Quite what emerges in it’s place is obviously far more difficult to know. If we spend as the top teams do, we will likely lose as they have more resources. However on quirk of the moneyball principle is that it is not so much about just buying younger players, but more about finding value where others don’t see it. This has commonly been done from buying younger players, but it’s a mistake to assume this is the only way it can be done, or that buying younger players is moneyball.
We had discussed above the 2 different types of value a player holds (value to the market, and value from an accountancy perspective) but there is a 3rd measure-namely the value a player holds on the pitch. While from an accounting perspective he runs to 0 value at the end of the contract, and we have seen a player loses value heavily as they approach the end of their career (to the point where they have no real transfer value) older players are not worthless on the pitch. This season a 33 year old Messi scored 33 goals while a 35 year old Ronaldo scored 37 goals. These two greats are perhaps extreme examples but in recent years we’ve seen messrs Kompany, Silva and Fernandhino play an integral part in title success for Manchester City and even this season the PFA player of the year was Liverpool captain and 30 year old Jordan Henderson. Players worth on the pitch- and perhaps in the dressing room does not just stop at the age of 30.
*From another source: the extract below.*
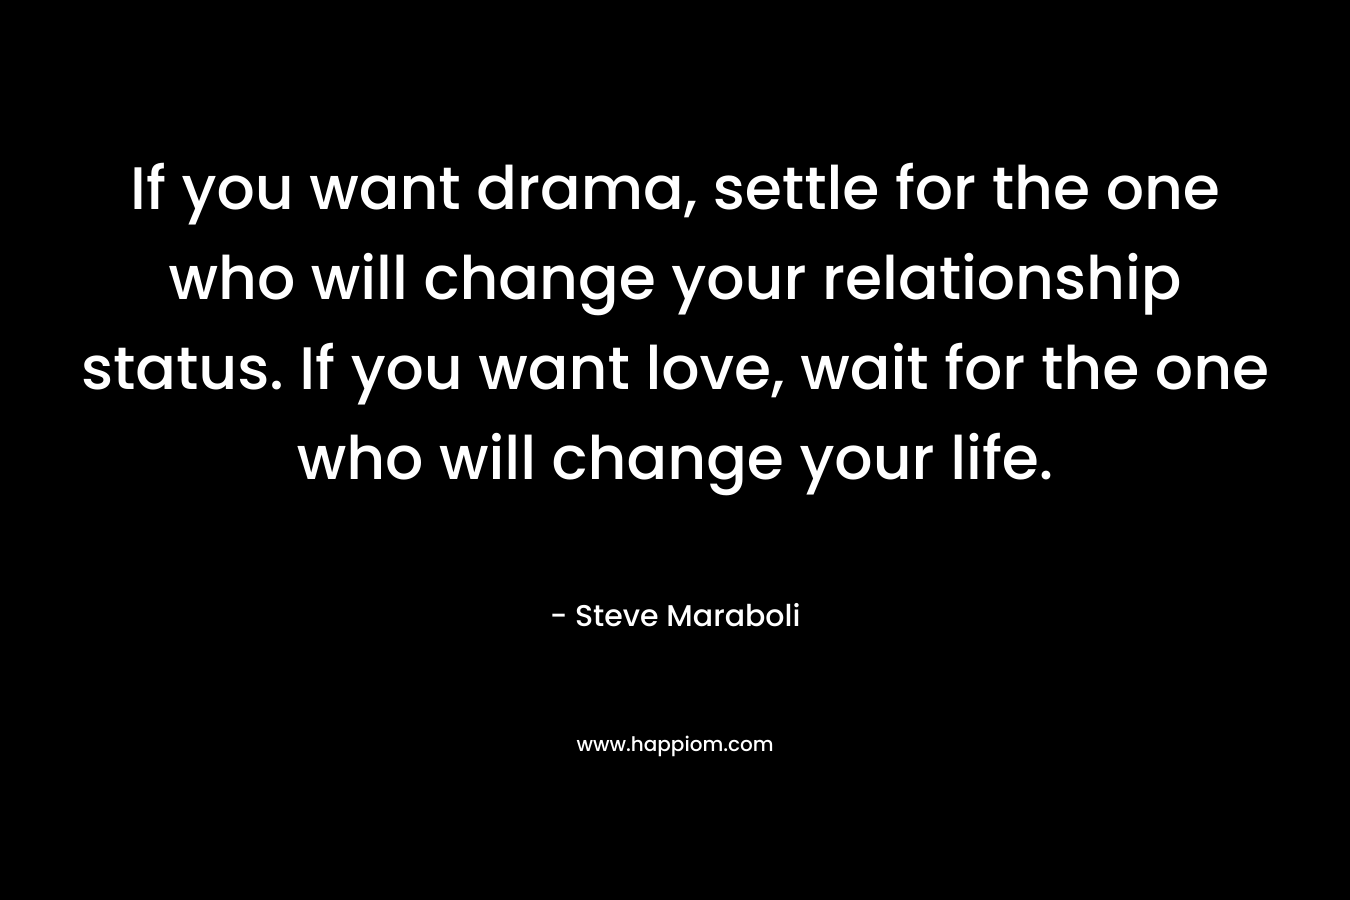 If you want drama, settle for the one who will change your relationship status. If you want love, wait for the one who will change your life. – Steve Maraboli

Instinctively, when you see different valuations of a commodity throw up different results you ultimately have opportunity to grow value. One trend we have seen over recent years, as Financial Fair Play has kicked in has been the period with which a player starts to lose value, and the speed it happens have become sharper and earlier. Even as little as 10 years ago it tended to be players over 30 who ceased to have a transfer value and that slowly rolled back to anyone approaching 30. The recent economic crisis seems to be pushing this back to the high 20’s in age, but also showing that once players turn 26 values start to depreciate in real terms. For a club like Everton, with an experienced manager who has shown himself capable of working with older professionals due to his outstanding mna management skills, there too could be somewhat of a gap in the market.
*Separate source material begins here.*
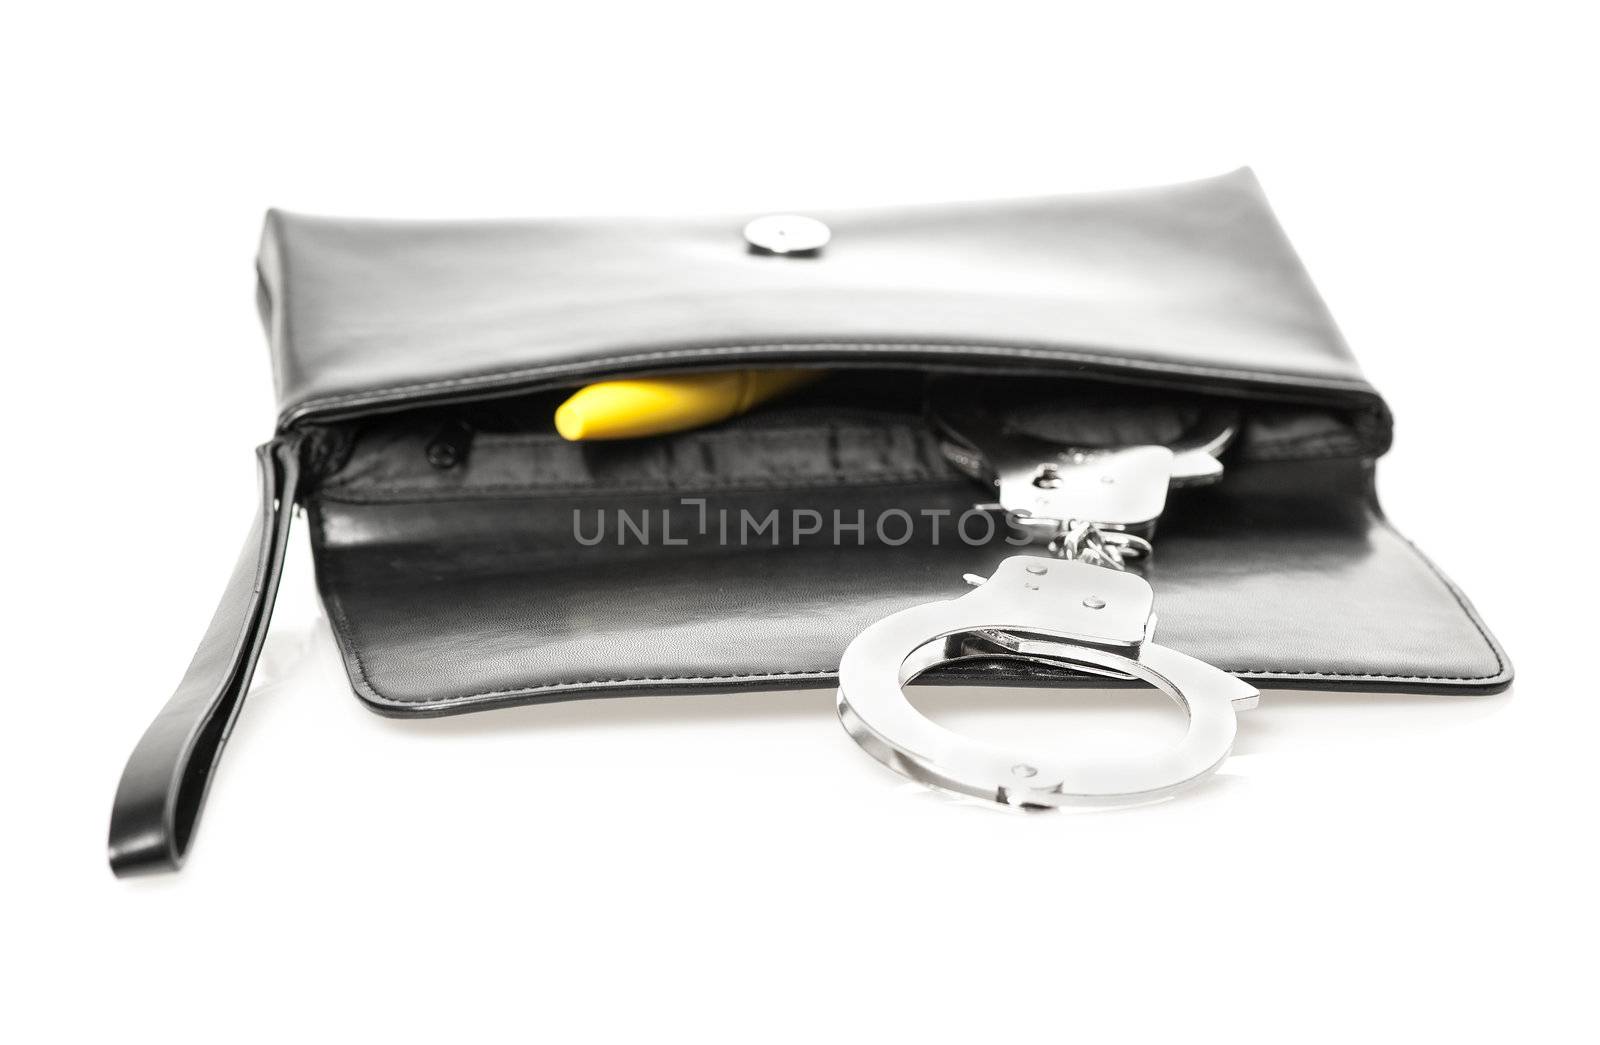 Clutch bag with explizit content by stockbymh

The glib reality is, for players of the ability of Allan, James and even Doucoure if the equivalent players was available at the preferred age of 23/24 Everton would not be able to afford the player, not would the player have any interest in joining a side who to date have only sporadically appeared in European competition. The choice for the club is, do we sign a better player who is on the decline, or an inferior player who could improve. It’s a philosophical question where it is hard to determine a clear right or wrong answer- though people will ultimately have their own personal preferences. At this point, I would urge supporters to try to judge each deal on it’s merits, and acknowledge that while there may be an ideal way to conduct business, unique pressures faced by the club may make it difficult to pursue that course of action for the foreseeable.